* _Task brief_
Excluding pictures, what does the listing below contain from the line with "Lyst - Kenneth" up to and including the line with "Our soldiers and", word for word?

* _Exercise material_

━━━━━━━━━━━━━━━━━━━━

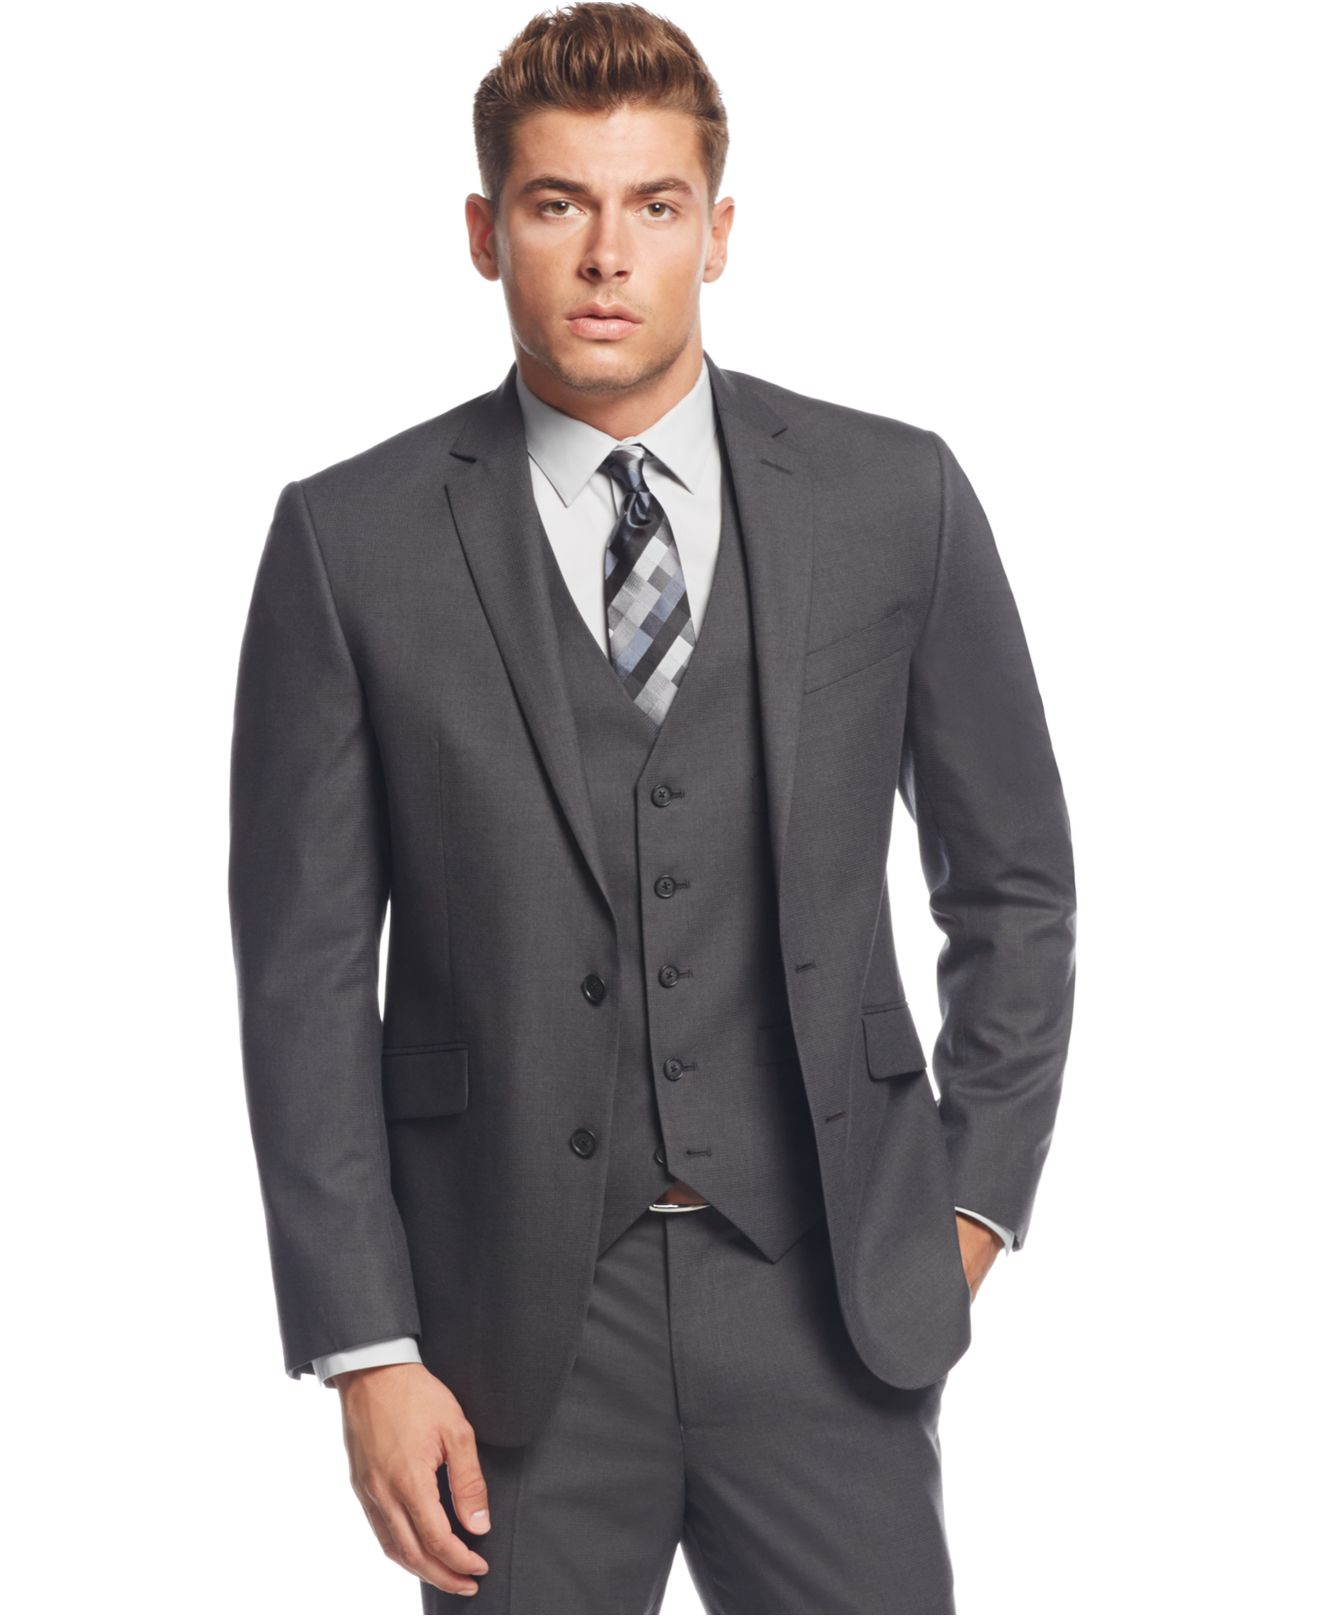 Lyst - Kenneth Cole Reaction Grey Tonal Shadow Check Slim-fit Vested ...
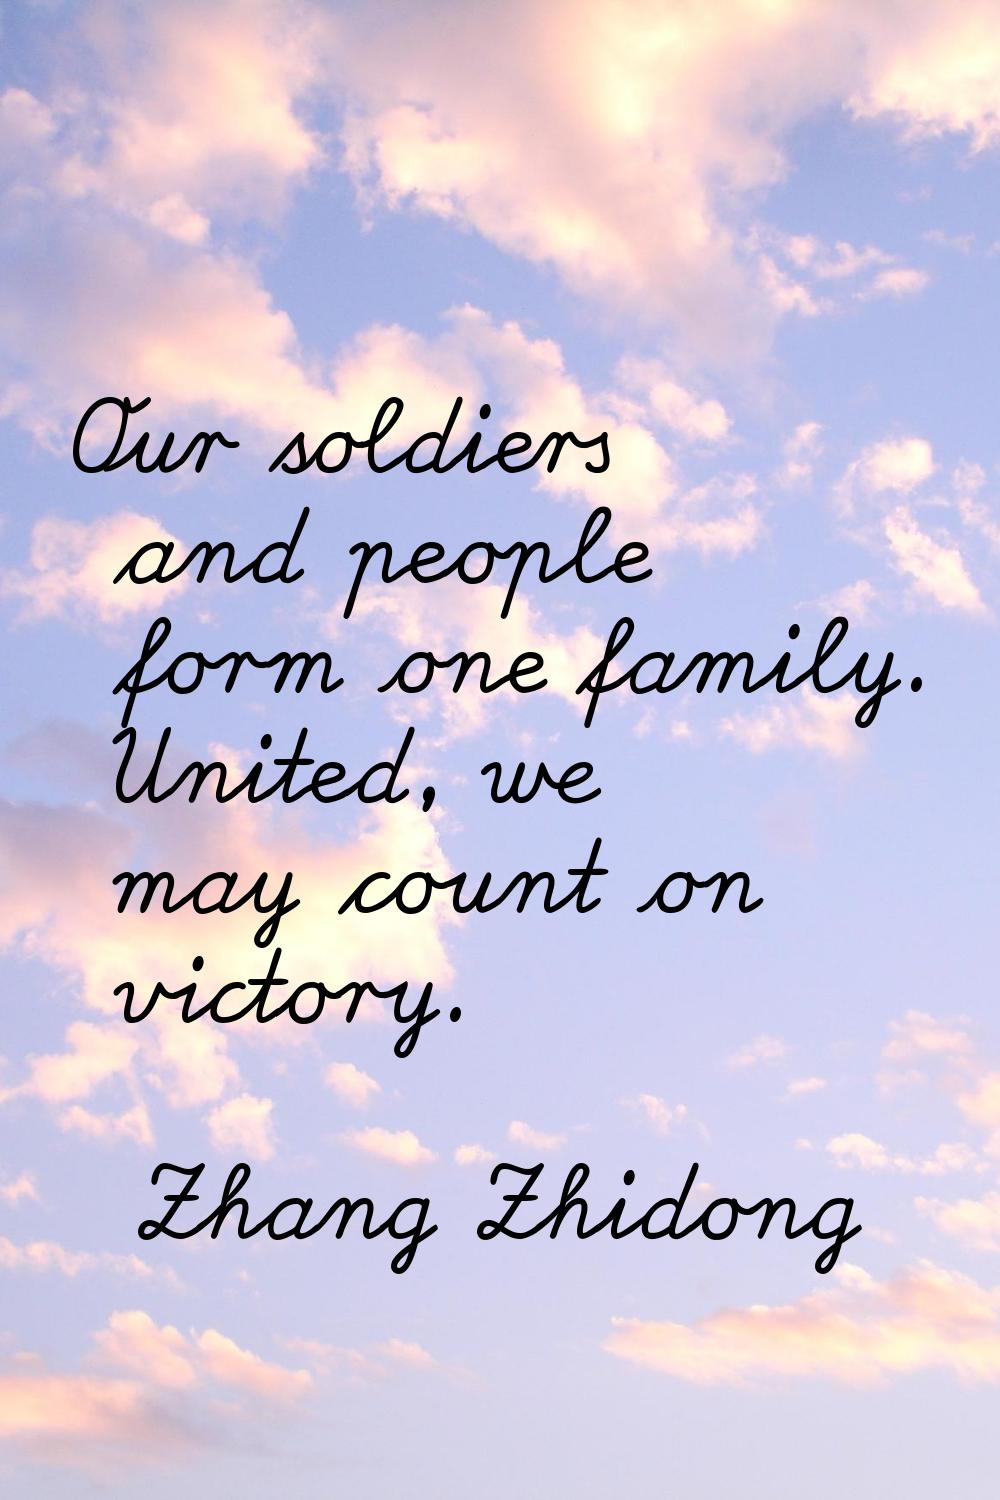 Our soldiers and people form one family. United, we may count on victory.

━━━━━━━━━━━━━━━━━━━━

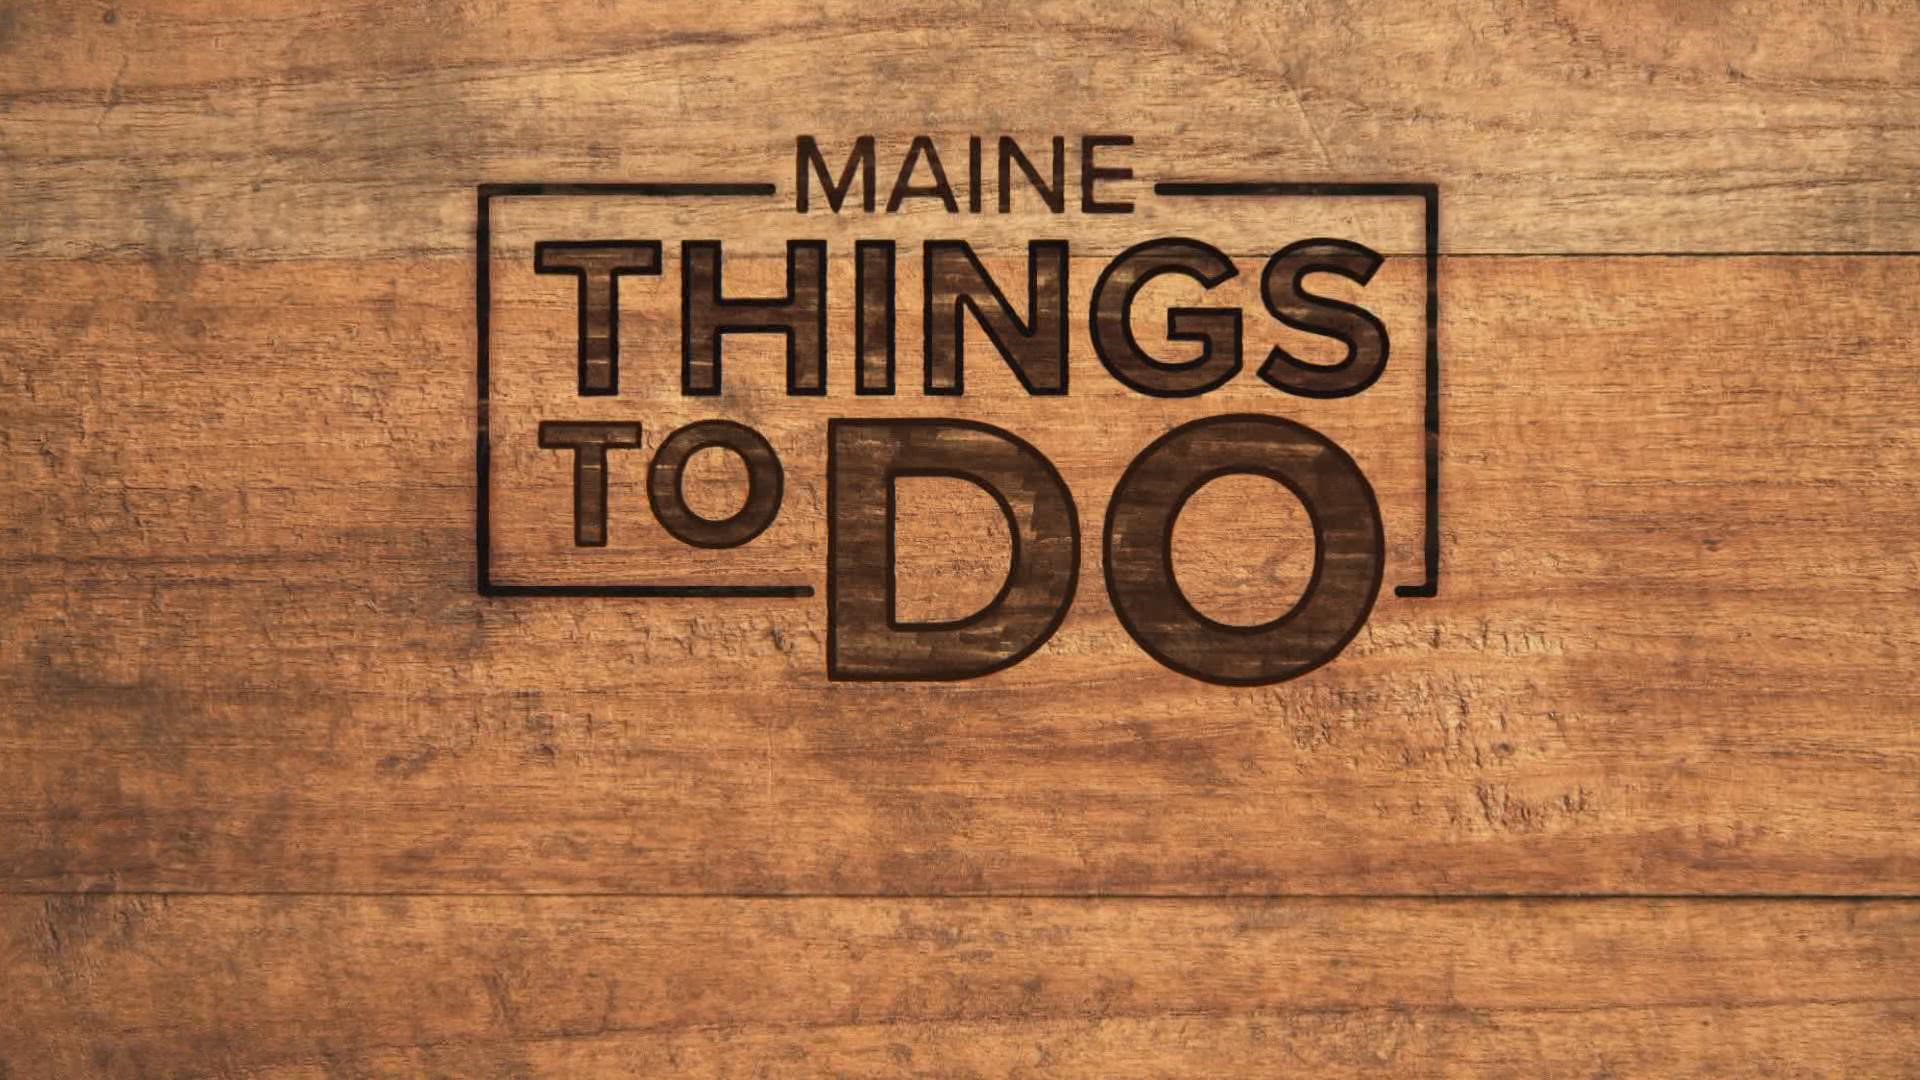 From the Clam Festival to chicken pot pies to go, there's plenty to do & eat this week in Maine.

━━━━━━━━━━━━━━━━━━━━

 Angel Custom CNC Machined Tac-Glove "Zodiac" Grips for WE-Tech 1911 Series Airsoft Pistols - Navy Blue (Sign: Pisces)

━━━━━━━━━━━━━━━━━━━━

* _Expected answer_
 Lyst - Kenneth Cole Reaction Grey Tonal Shadow Check Slim-fit Vested ...
 Our soldiers and people form one family. United, we may count on victory.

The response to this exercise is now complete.